Logstash and hadoop are two different systems , do you need access to both?

Hi @Nuria yes access to both would be ideal .. thank you

@alaa_wmde Can you be a bit more specific as to what data you need access to? So you know Logstash and hadoop do not share any data, maybe an example or use case of what you are trying to do will help.

hi @Nuria

Yeap I actually have access to logstash already. I must have confused it somehow into thinking that there's another logstash for analytics or something.

This means this request is only about hadoop for anlaytics purposes. One example case I need such access for from recent work is to query how many requests we get to a certain endpoints, with some filtering on the parameters used on those calls.

hashar subscribed.

Removing Release-Engineering-Team since there is already deployment/logstash access :]

@alaa_wmde you might already have access to http://pivot.wikimedia.org/ which is a nice GUI frontend and lets one extract some useful informations about queries. The data set I keep using:

webrequest_sampled_128

All web requests received for all projects sampled to 1/128.

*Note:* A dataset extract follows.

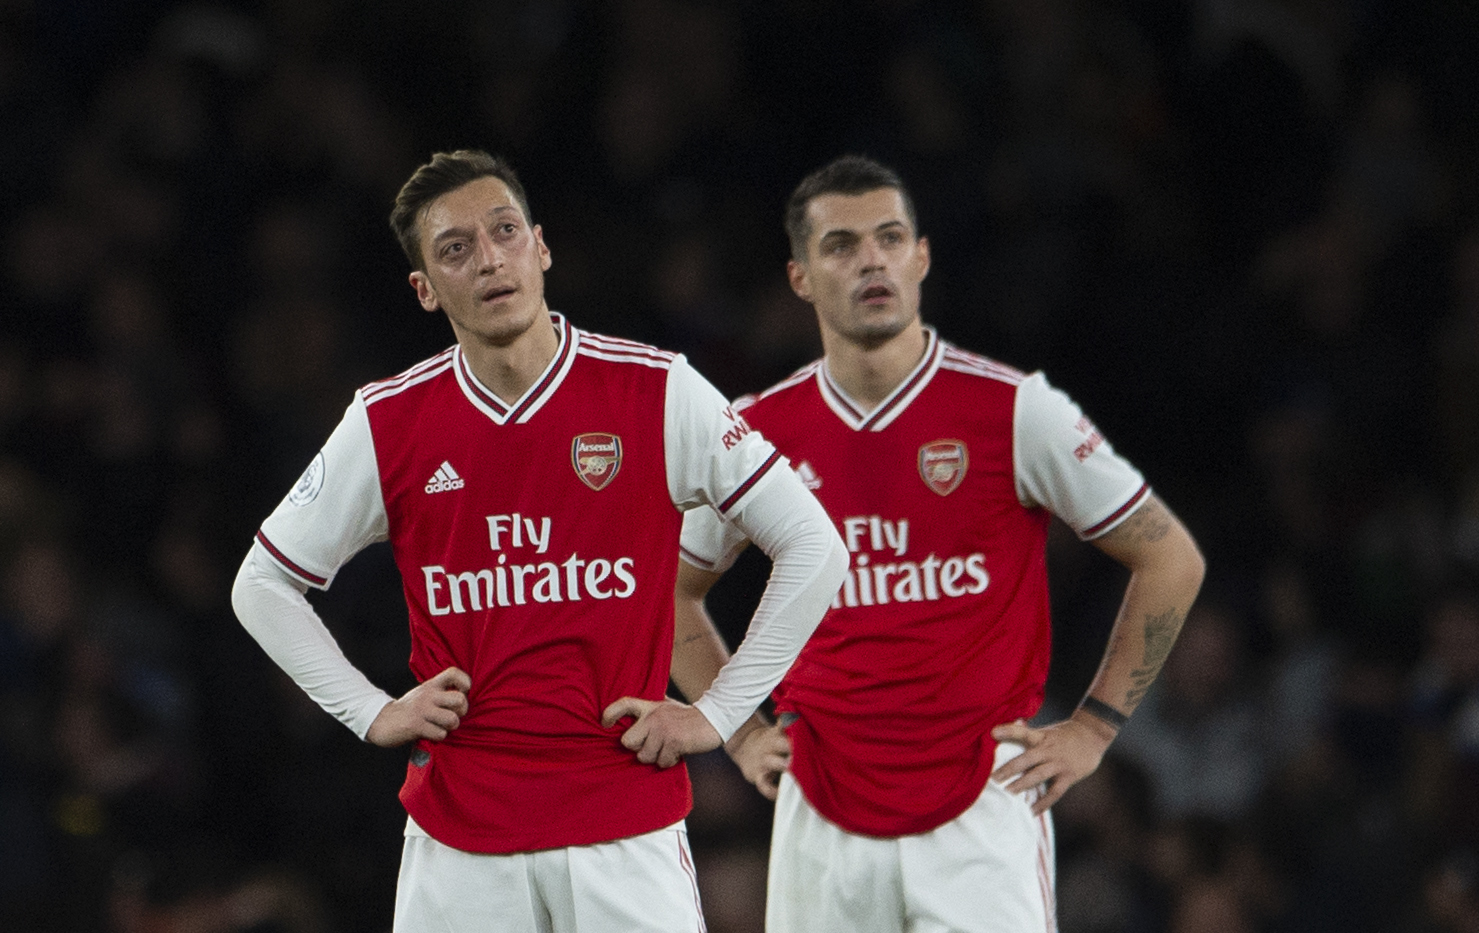 Granit Xhaka, right, has been handed a new contract despite suggestions he wanted to leave Arsenal this summer

It is sampled and only kept for a week, so it is not as powerful as Hadoop :]

@alaa_wmde please check if you have access to turnilo (before known as pivot) as @hashar mentioned this is probably a good tool to find answers to your questions.

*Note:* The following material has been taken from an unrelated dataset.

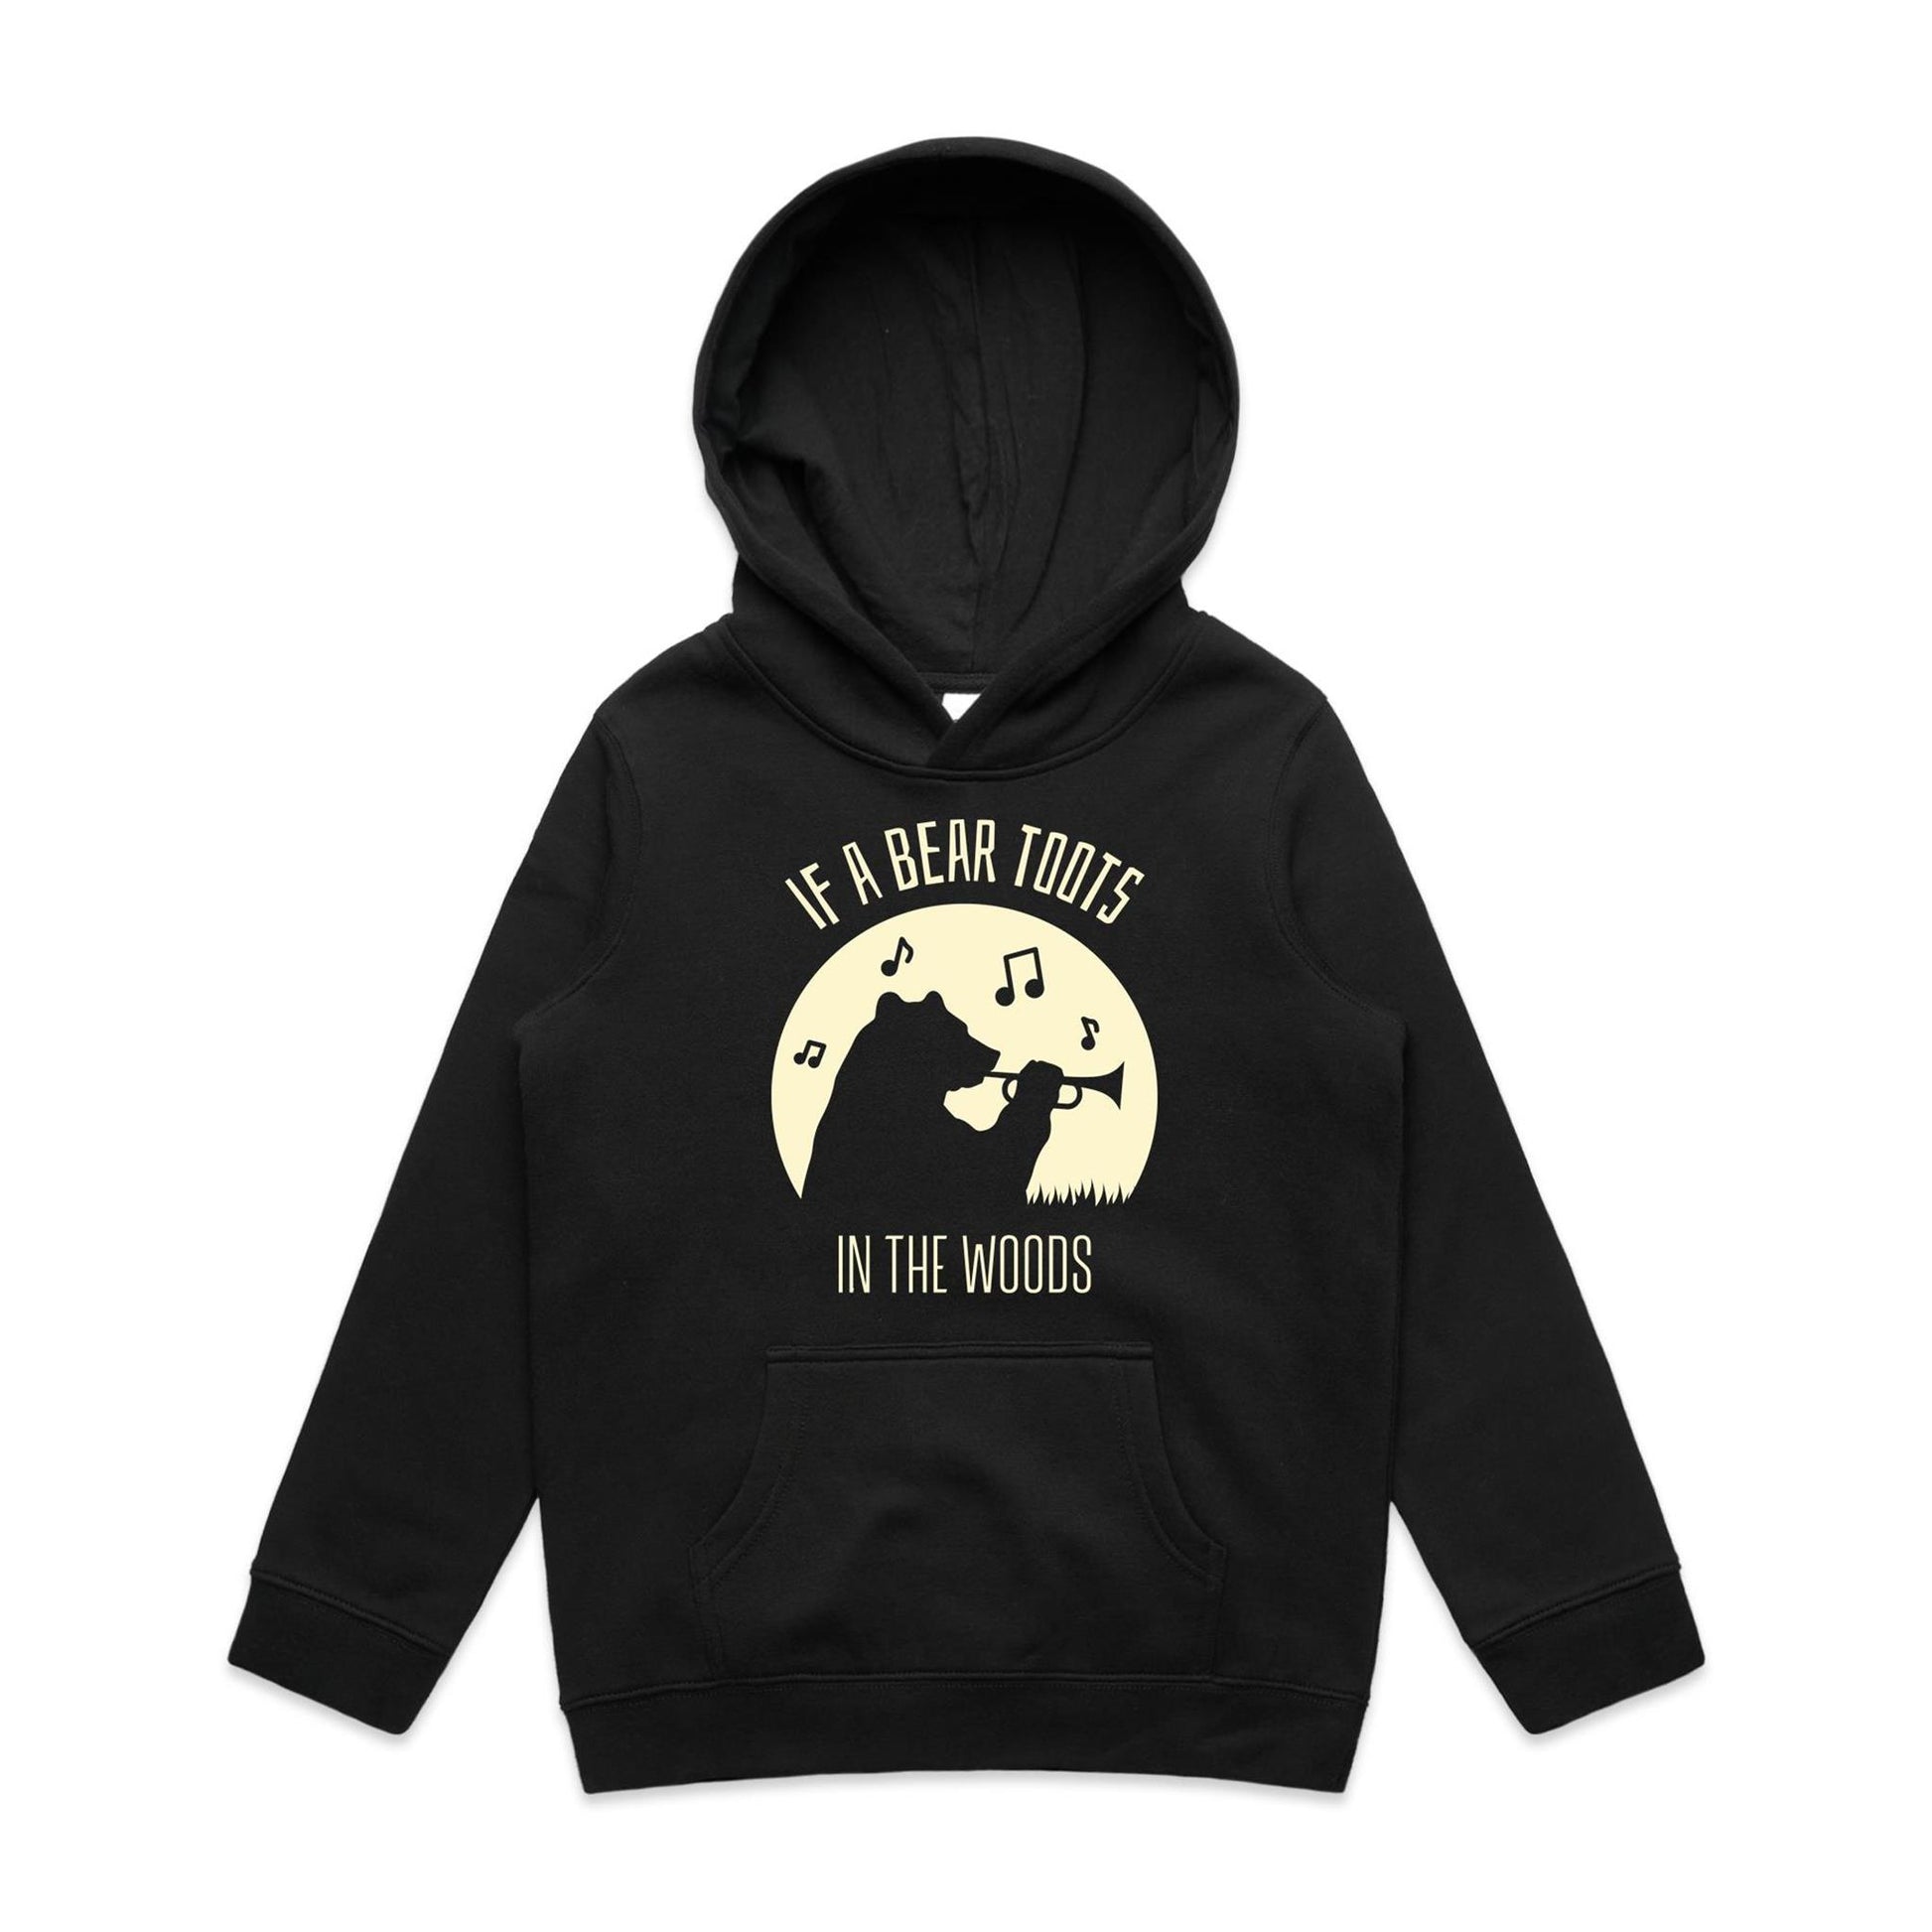 If A Bear Toots In The Woods, Trumpet Player - Youth Supply Hood Black Kids Hoodie

Please see https://turnilo.wikimedia.org/#webrequest_sampled_128 and https://wikitech.wikimedia.org/wiki/Analytics/Systems/Turnilo-Pivot#Access if you do not have access to turnilo.

In order to gain access to hadoop you need: https://wikitech.wikimedia.org/wiki/Production_shell_access (now, per your use case I think turnilo is a much better way to get the data you need, should be pretty small and there is no need to comb terabytes of data)

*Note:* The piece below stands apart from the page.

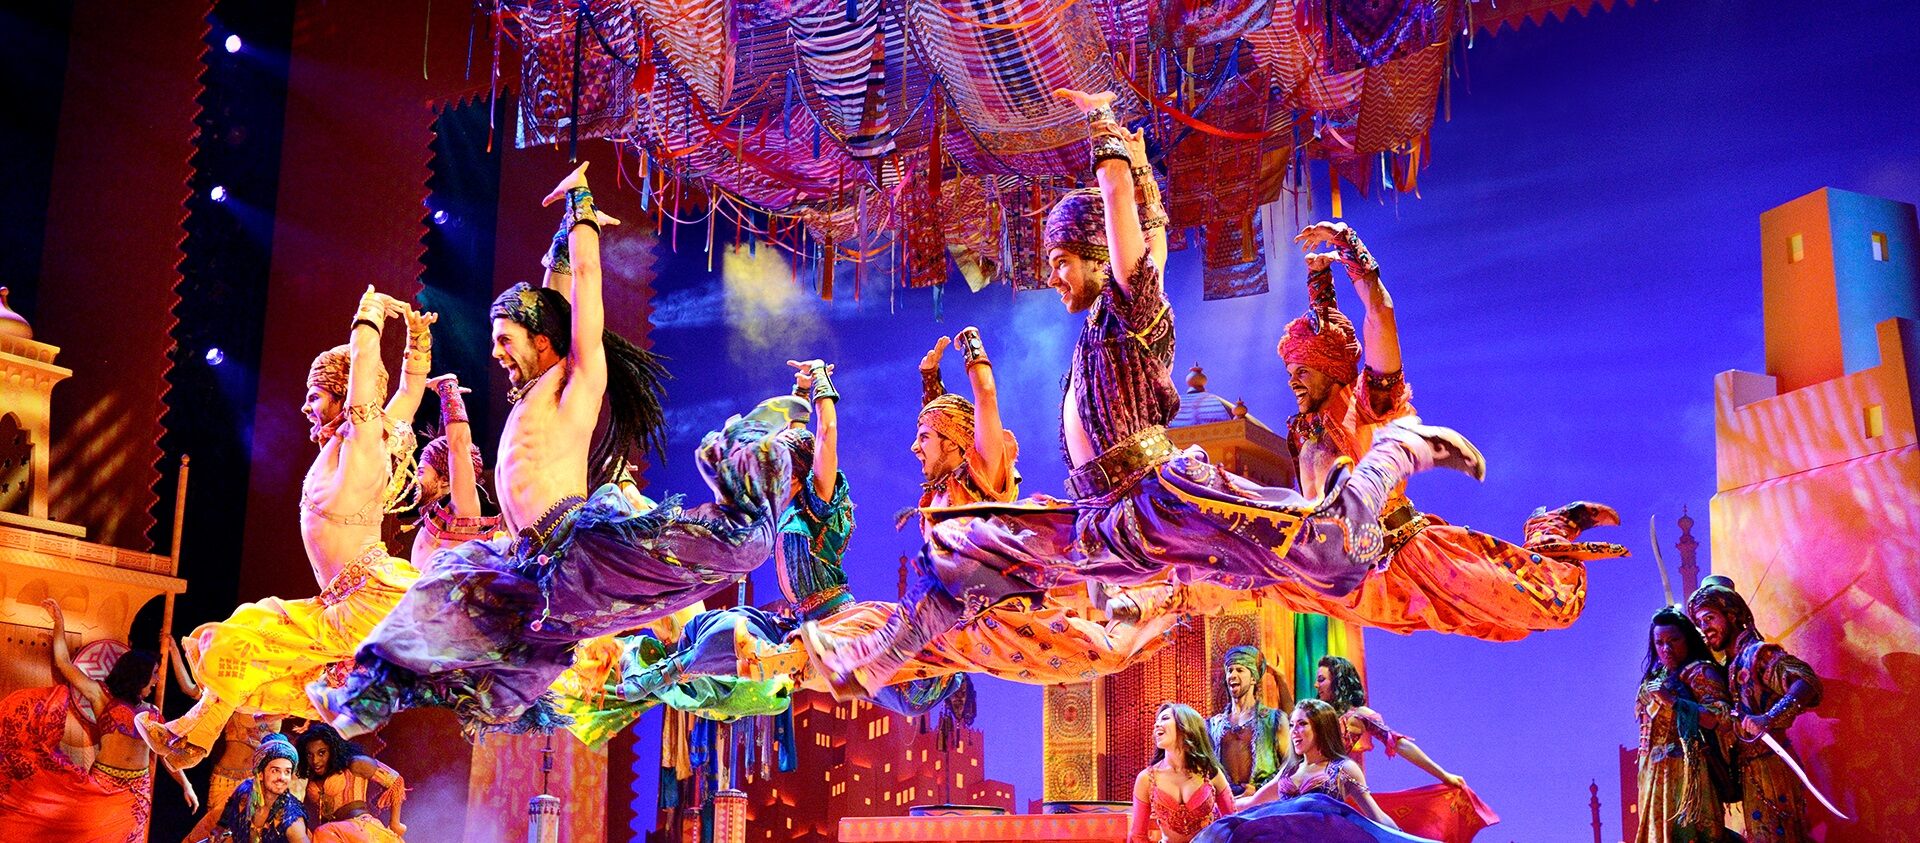 Aladdin Musical Shines and Dazzles on Stage, Literally and Metaphorically - Alvinology

@alaa_wmde If turnilo is enough for analysis, should we mark this as resolved?

Hello .. apologies for not replying sooner and thanks @hashar for pinging me directly about it :)

I will follow the links, indeed I should have access to turnilo as I already have signed nda and have logstash access. Will update this task once I either got access or faced a problem getting it.

In order to gain access to hadoop you need: https://wikitech.wikimedia.org/wiki/Production_shell_access (now, per your use case I think turnilo is a much better way to get the data you need, should be pretty small and there is no need to comb terabytes of data)

I have a separate requets for Production shell access T223698: Request access to deployment cluster for Alaa Sarhan. Though it is definitely good to know about turnilo and activate it as it might be enough/faster to run some inquires than on hadoop for some cases.

@alaa_wmde If turnilo is enough for analysis, should we mark this as resolved?

I will probably still need to have hadoop access at some point, as some inquiries might not be fulfilled by turnilo with the sampling and 1-week lifetime of data limitations.
Though I'm definitely fine if you prefer to resolve this task for now and open another one later when hadoop access is needed next time, or putting it on hold/waiting. Whatever suits your process is fine by me ;)

I will probably still need to have hadoop access at some point, as some inquiries might not be fulfilled by turnilo with the sampling and 1-week lifetime of data limitations.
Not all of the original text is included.